Аппарат зажужжал и сделал ещё один снимок.

– Главное не выходить из кадра. Кивни, если поняла.

Ядвига пошевелила головой.

– Вот и отлично! Теперь встаём медленно, поднимаем юбку… Снимаем трусики.

А аппарат через каждые пятнадцать секунд продолжал механически фиксировать, всё что происходило на фоне ослепительно белого, высвеченного каким-то нереальным, больничным светом экрана.

Через полчаса Алексей, сидя на диване, наблюдал за тем, как приводит в себя в порядок, напуганная до предела, едва держащаяся на ногах Ядвига, как она забрасывает в свою сумку валяющиеся на полу трусики и колготки, как то и дело убирает с мокрого лица спадающие густые волосы, надевая туфли, как ежесекундно касается шеи, ощущая фантомное прикосновение басовой струны.

Он довольно улыбнулся: ему удалось не сделать ни единой царапины на этой тонкой, почти прозрачной коже.

Ядвига, прижав сумочку к груди, стараясь не смотреть на своего мучителя, как-то боком, вдоль стены, двинулась к двери. Спина её была напряжена, – она боялась в любой момент услышать грубый окрик своего мучителя. Но тишина в комнате не прервалась даже после того, как щёлкнул английский замок входной двери.

За всё время Алексей не сделал ни малейшего движения и даже не дрогнул, когда почувствовал резкую боль в раненном глазу от попавшего в него дыма от сгоревшей дотла сигареты.

Холин – Метаморфоза (продолжение)

Холин открыл глаза и не увидел северного сияния. Машина летела, подпрыгивая на ухабах. Его бывший сослуживец по спортивной роте, гимнаст Васька Шелестов лёг на руль грудью, пытаясь что-то разглядеть в исколотой летящими на встречу белыми снежными штрихами мгле.

– Ты фары-то включи, – посоветовал ему Холин.

– Да какие фары! – вскипел Васька. – Хорошо хоть мотор работает.

– Тогда куда ты летишь? Ну ка тормози.

Машина встала.

– Дай сюда, – сказал Холин, схватил левую руку товарища и поднёс его часы поближе к глазам.

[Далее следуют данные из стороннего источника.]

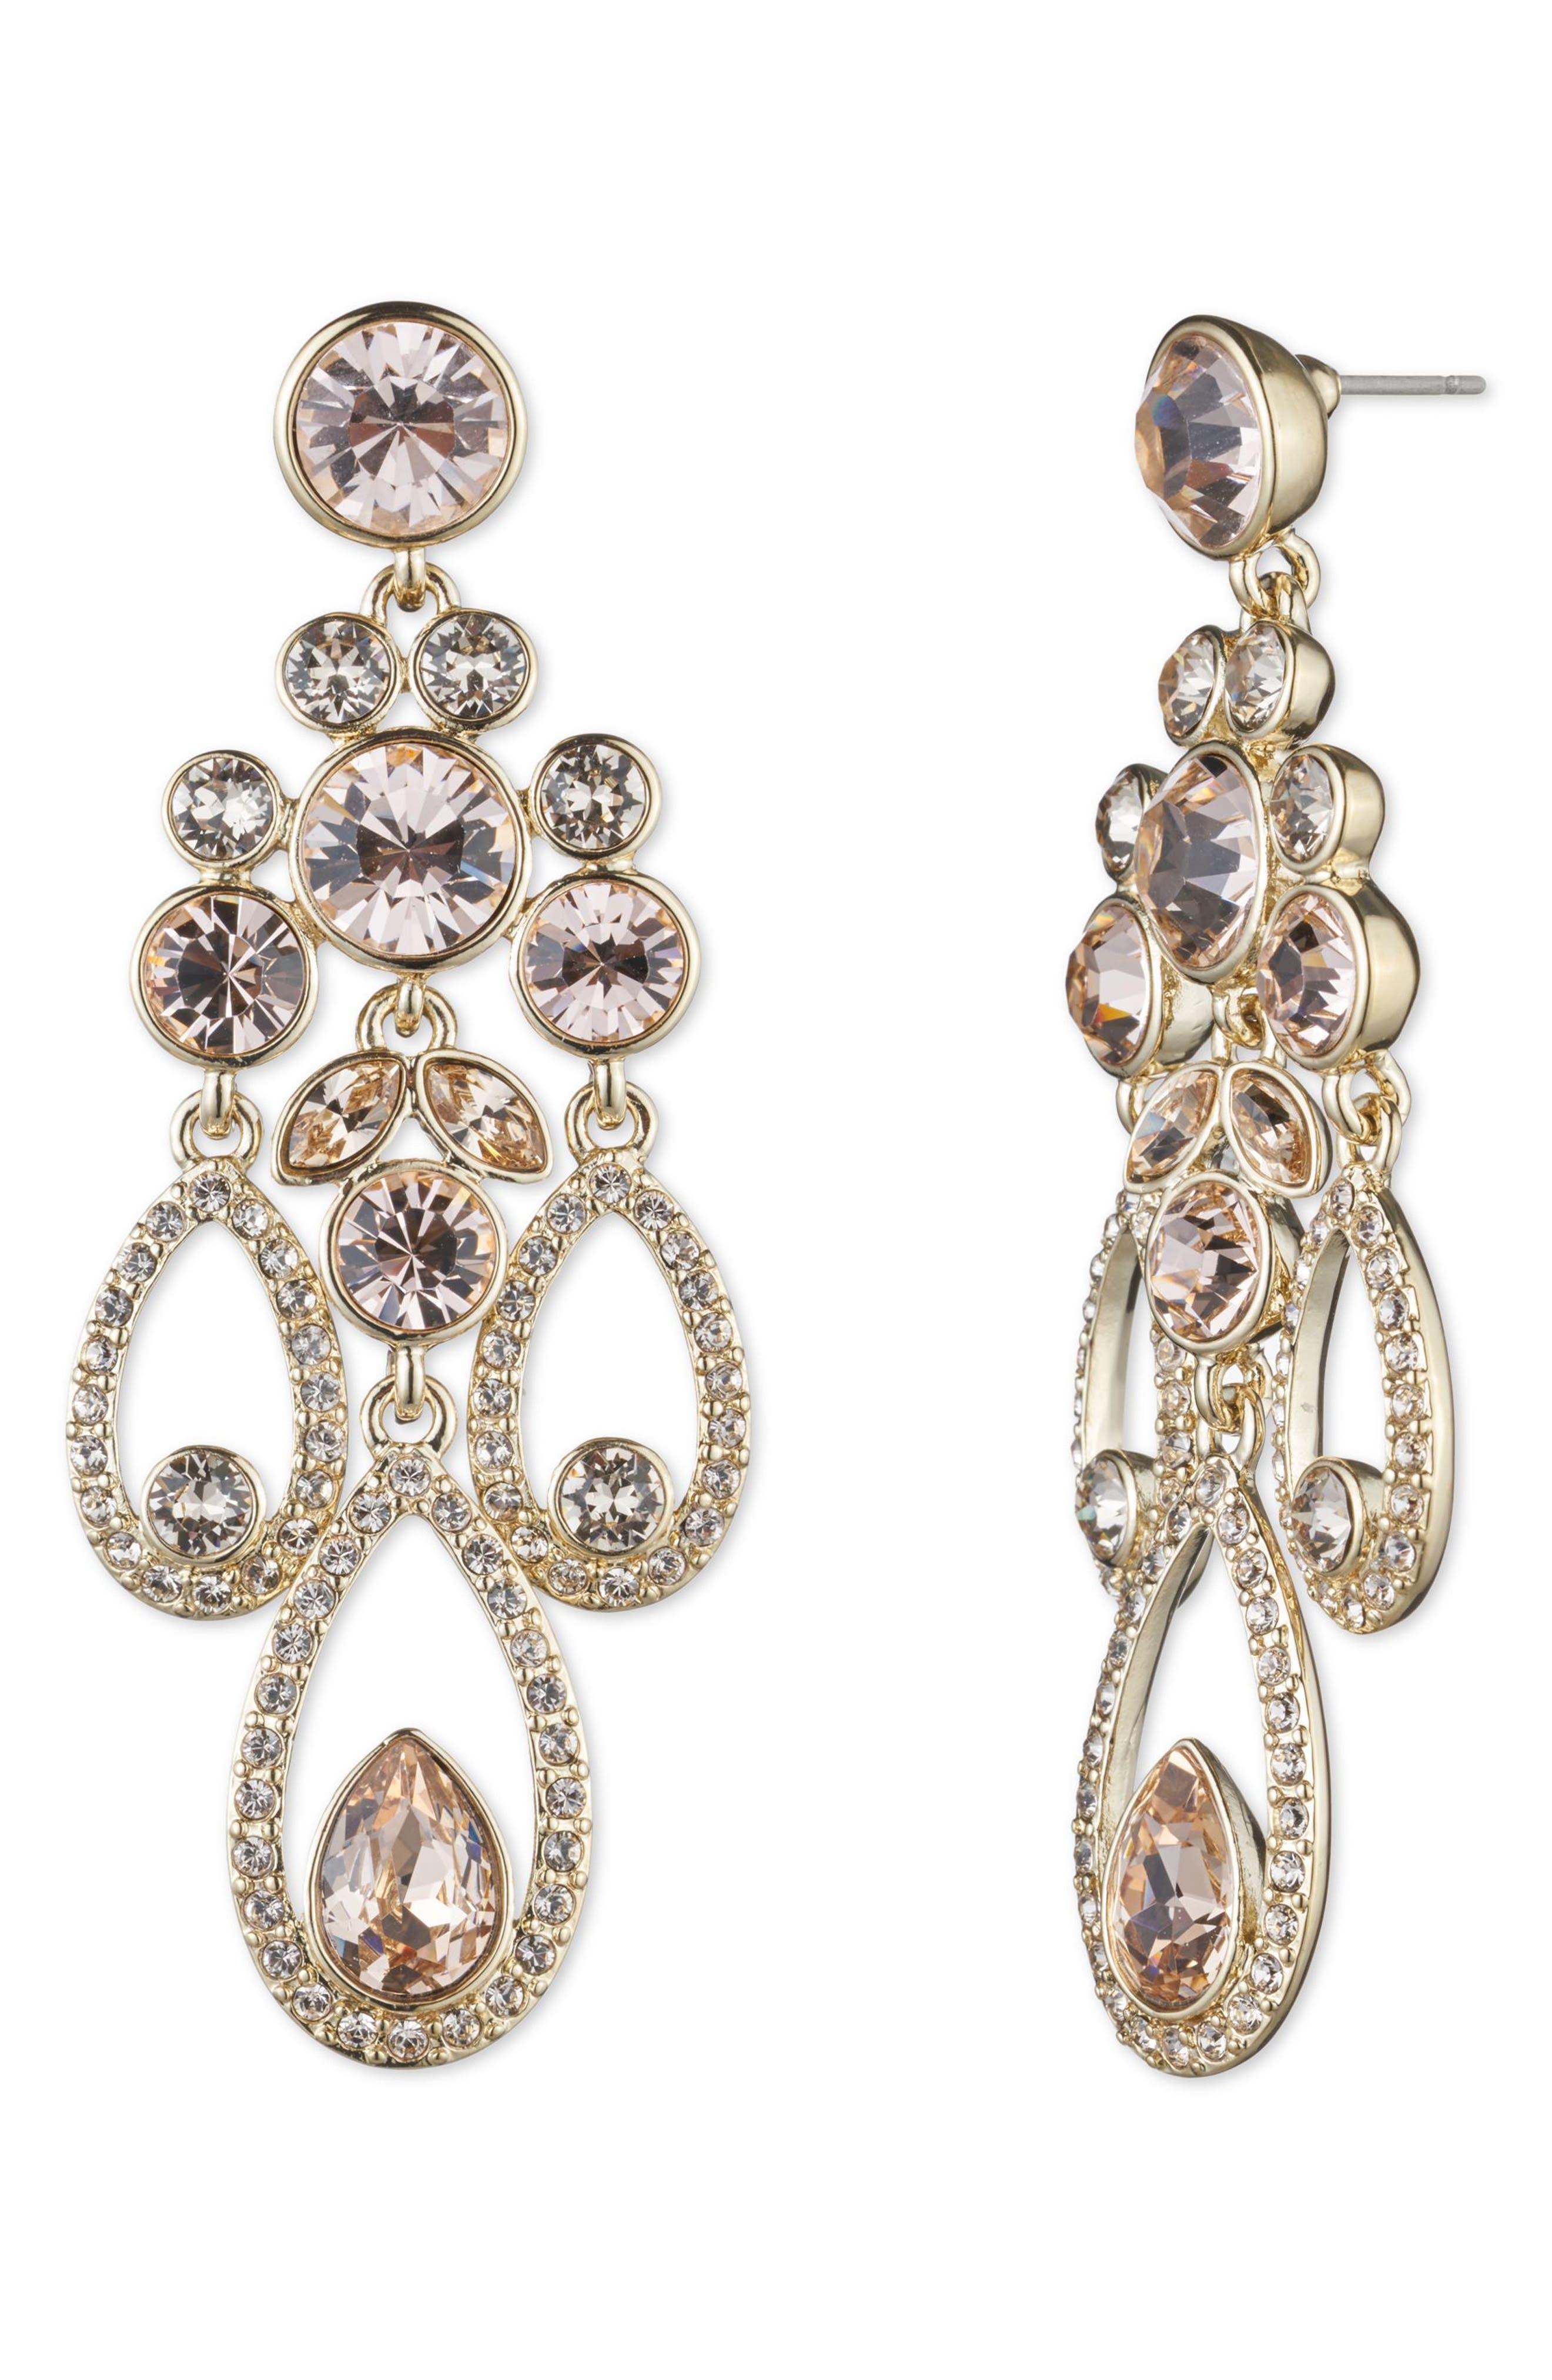 Drama Chandelier Crystal Earrings,                             Main thumbnail 1, color,                             710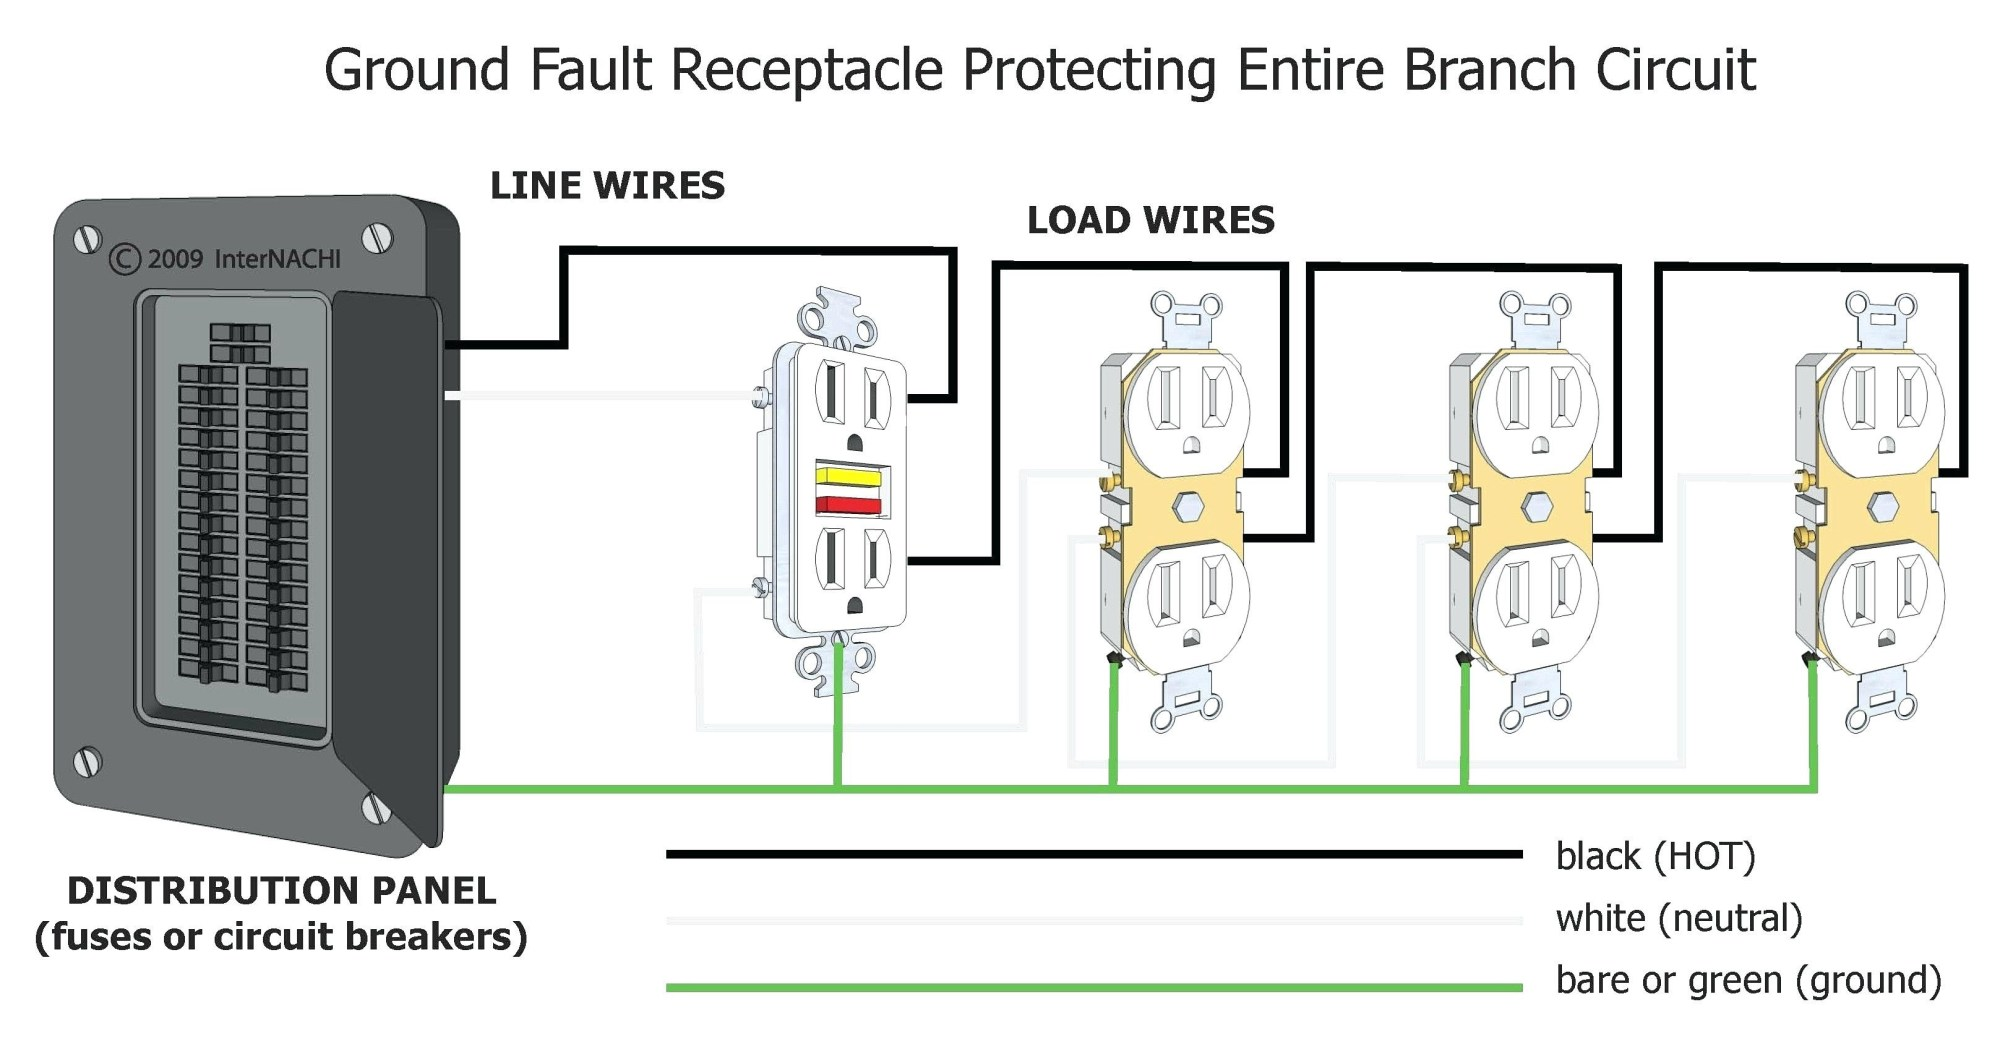 hight resolution of homeline breaker box wiring diagram collection wiring diagram for 30 amp breaker box inspirationa homeline

Получалось, что они ехали уже больше сорока минут. При такой скорости они давно должны были упереться в какой-нибудь забор или сарай посёлка. Но ни того, ни другого не наблюдалось.

– И давно ты в этой каше плывёшь?

– Так уже минут двадцать. А что, дорога-то прямая.

– Дурак ты. В тундре, куда не кинь, везде она прямая.

Холин соскочил на землю. Ноги разъехались в жидкой ледяной грязи. Обошёл машину в надежде разглядеть хоть какой-нибудь ориентир – столб, огонёк. Напрасно. Обозримое пространство заканчивалось на расстоянии вытянутой руки. Вернулся в кабину.

– Заблудились, – констатировала он.

Васька даже не взглянул в его сторону и продолжал сосредоточенно протирать быстро запотевающее лобовое стекло.

Холину стало жалко парня. Не столкнись он с ним случайно в шахте, где заключённые долбили отбойными молотками тяжёлую кимберлитовую породу, – Васька работал здесь горным мастером – не сидел бы рядовой Шелестов рядом и не рисовал рожицы на стекле.

***

А Иван всё равно бы сбежал.

Неделю назад он получил письмо. На штампе отправителя в позе «цыплёнка табака» – синий польский орёл. Ядвига писала, что уже месяц как на родине. Сразу после ареста Ивана её отец настоял, чтобы она срочно покинула СССР. Это правильно, подумал Иван. На его лице мелькнула счастливая, но грустная улыбка: она его любит и будет любить всегда. И тут же буквы смазались и поплыли перед глазами: она беременна, но не от него! Так получилось, она не виновата, он её заставил. Кто он? Иван сорвал взгляд с прочитанного места и снова, с первой строки – «Здравствуй, дорогой Ваня…» – лихорадочно просмотрел текст сначала на одной, затем на другой стороне листа. «Ага! Лёха Новиков! Подлец!» С трудом заставил себя сесть на нары, успокоиться. «Значит, эта сволочь…»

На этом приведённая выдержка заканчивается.